Она испуганно взглянула на меня.
— Ты не боишься, что тебя убьют? — снова задал я вопрос.
Она посмотрела поверх меня, через каюту. Я отступил назад, освобождая проход.
— Я не возражаю, — обратился я к ней, — я не приказывал тебе оставаться на койке. Сейчас я владею тобой.

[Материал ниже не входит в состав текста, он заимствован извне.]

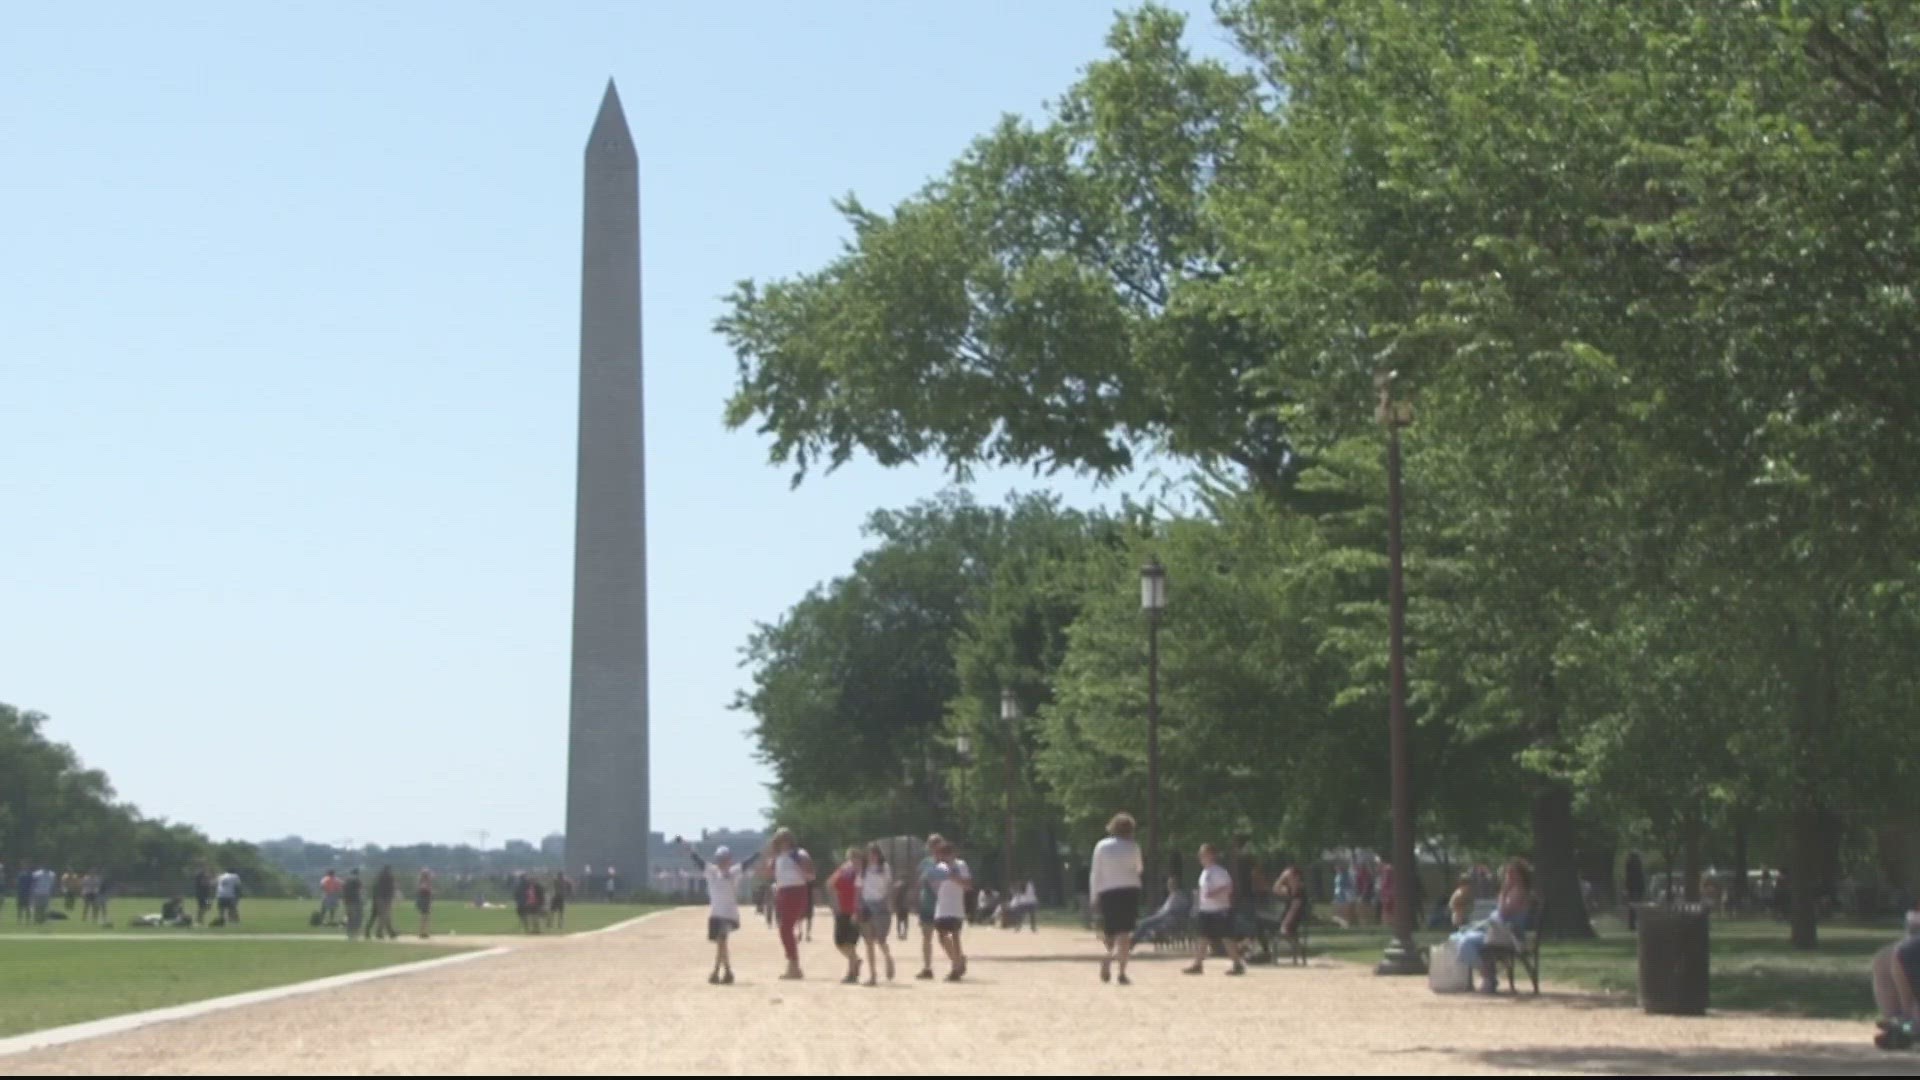 There are plenty of gorgeous parks in DC. But others could use some upkeep.
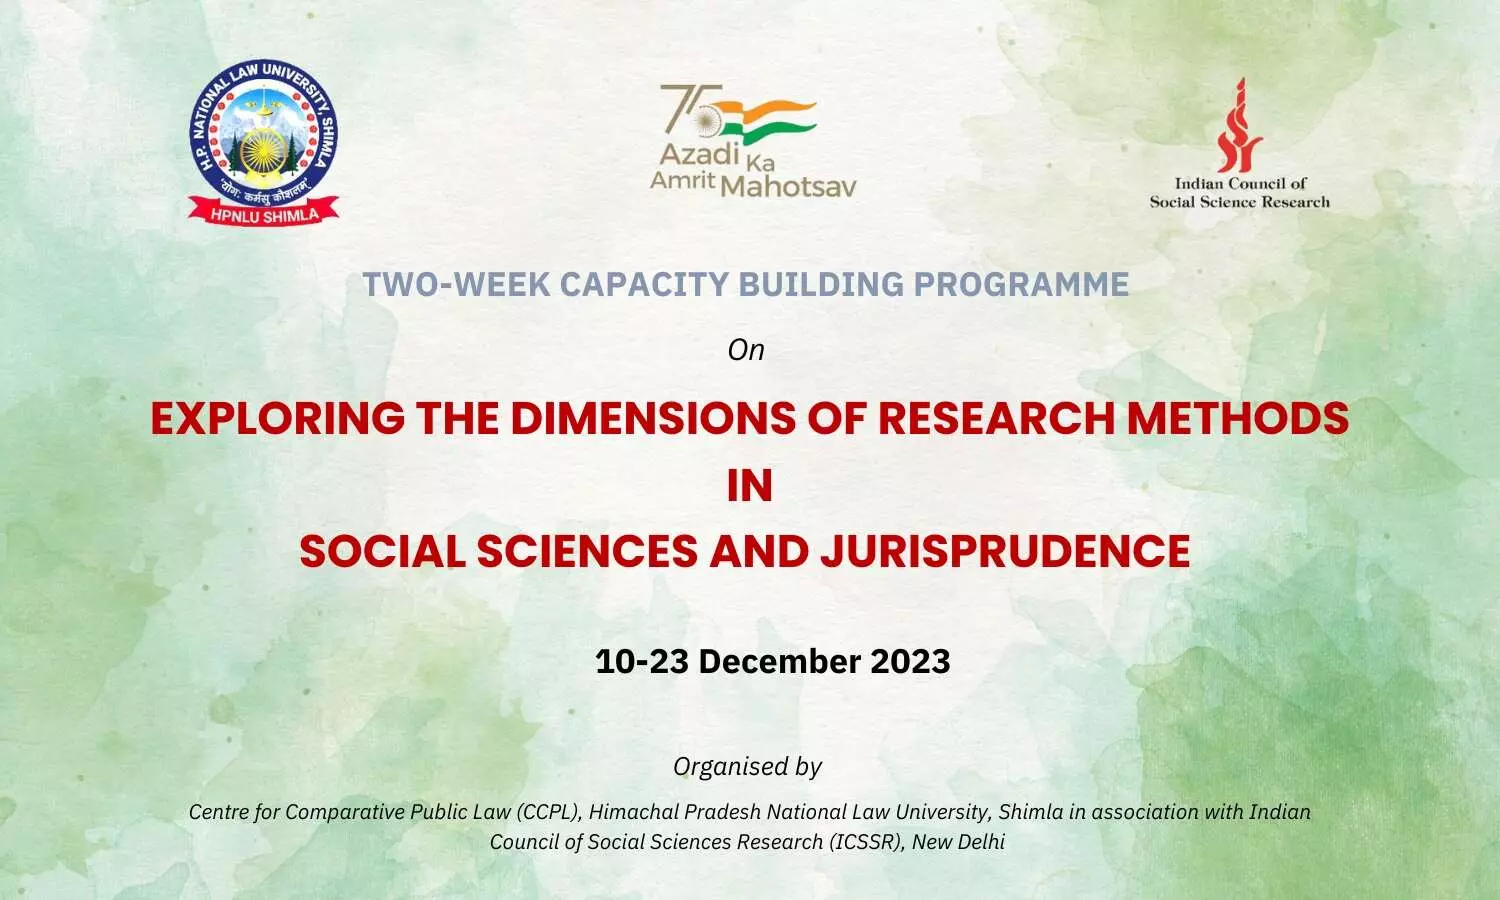 Capacity Building Programme on Exploring the Dimensions of Research Methods | HPNLU Shimla

Я увидел, как напряглось ее очаровательное тело, и сделал шаг назад. Внезапно она метнулась мимо меня и упала на колени перед огромным сундуком. Она откинула крышку и судорожно, двумя руками, принялась рыться в нем. Я сунул нож за пояс и снял некий предмет со стены каюты.
Рабыня вскочила на ноги, сжимая над головой два плоских прямоугольных листа свинца, связанные вместе, и побежала к окну каюты, через которое, выломав раму и разбив стекло, я проник в помещение. Она подняла руки, сжимающие связанные листы свинца, над головой, готовая швырнуть их в Воск.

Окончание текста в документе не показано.